时间:2014-01-27 13:42:06  来源:  点击数:
Key words: Provisions on the Establishment of Major Functions, Internal Organization and Personnel of CFDA; children cosmetics declaration; non-special usage cosmetics classification; existing cosmetics ingredients.
Abstract:China’s State Food and Drug Administration (SFDA) has issued “Three Schemes ” (Main Responsibilities, Internal Structure and Staffing) after it changed name to China Food and Drug Administration (CFDA), which arouses conjectures among industry insiders, especially on the issues that imported non-special use cosmetics must apply for record-keeping to the food and drug administrations at provincial level, however, the detailed laws and regulations on the issue have not been released in China. The article covers policy interpretation, as well as analysis of CFDA’s laws and regulations on children cosmetics declaration, non-special usage cosmetics classification, and existing cosmetics ingredients.
Introduction: After issuing “Three Schemes ”, great expectation has been placed on CFDA, and the new reforms on food regulatory changes in sub-sub-issues, drug regulatory decentralization, strengthen macroeconomic policies and local supervision have been significantly attended by the industry.
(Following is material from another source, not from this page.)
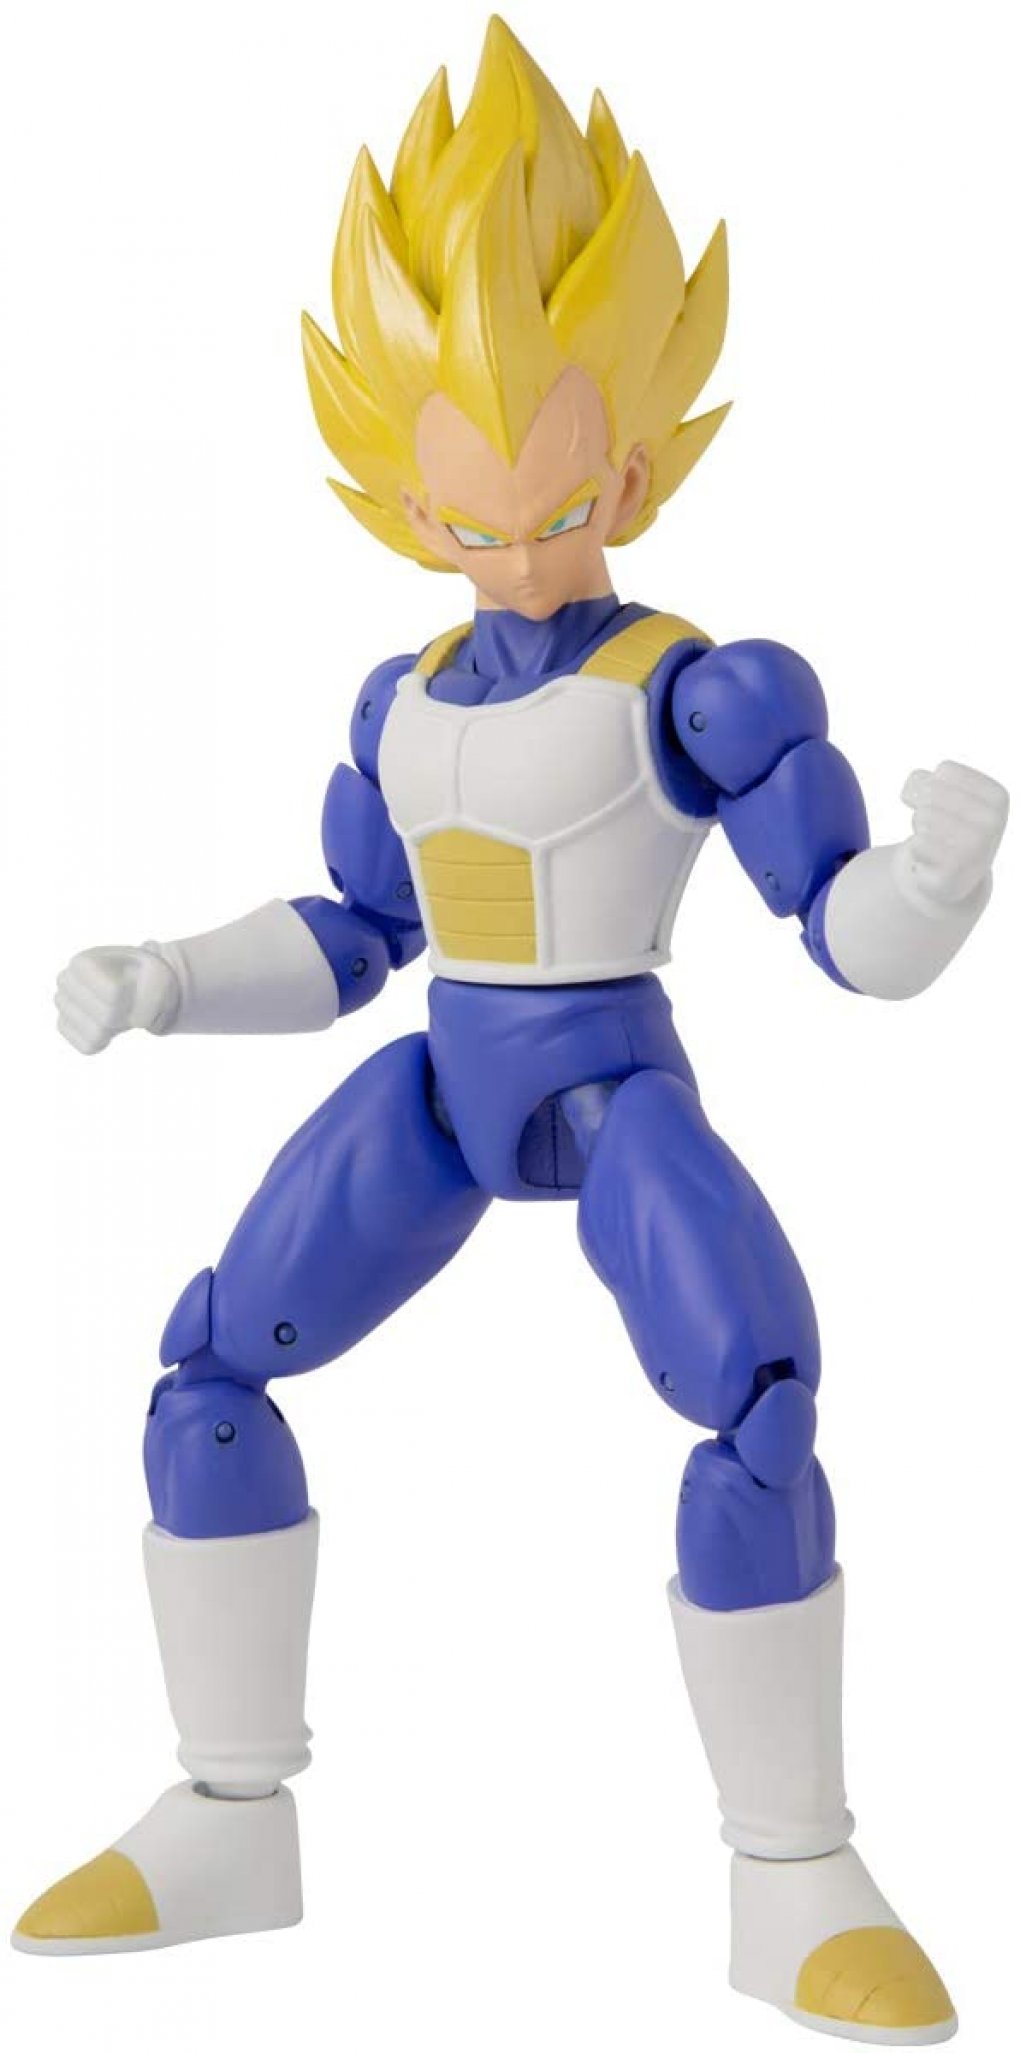 You can get fan-favorite Vegeta from Dragon Ball as a figure during Prime Day 2022 on Amazon at a special price.

One of the options for the current round of institutional reform, Market Supervisory Authority is established with reference to the practice of Guangdong, Shenzhen, Shunde, health products placed under a unified framework for risk analysis of consolidated supervision. But there exist some doubts in plans implement, and the drug administrations at provincial level have not published detailed policies. The policies about cosmetics in the “Three Schemes” are listed below:
1. The procedures of examination and approval required for manufacture of cosmetics and grant of hygiene certificate will be combined into a single examination and approval procedure;
2. The food and drug administrations at provincial level take the responsibilities of the original SFDA for examination and approval of import of non-special function cosmetics; 
3. The CFDA takes the responsibilities of the General Administration of Quality Supervision, Inspection and Quarantine of the People's Republic of China (AQSIQ) for examination and approval of manufacture and compulsory inspection of cosmetics.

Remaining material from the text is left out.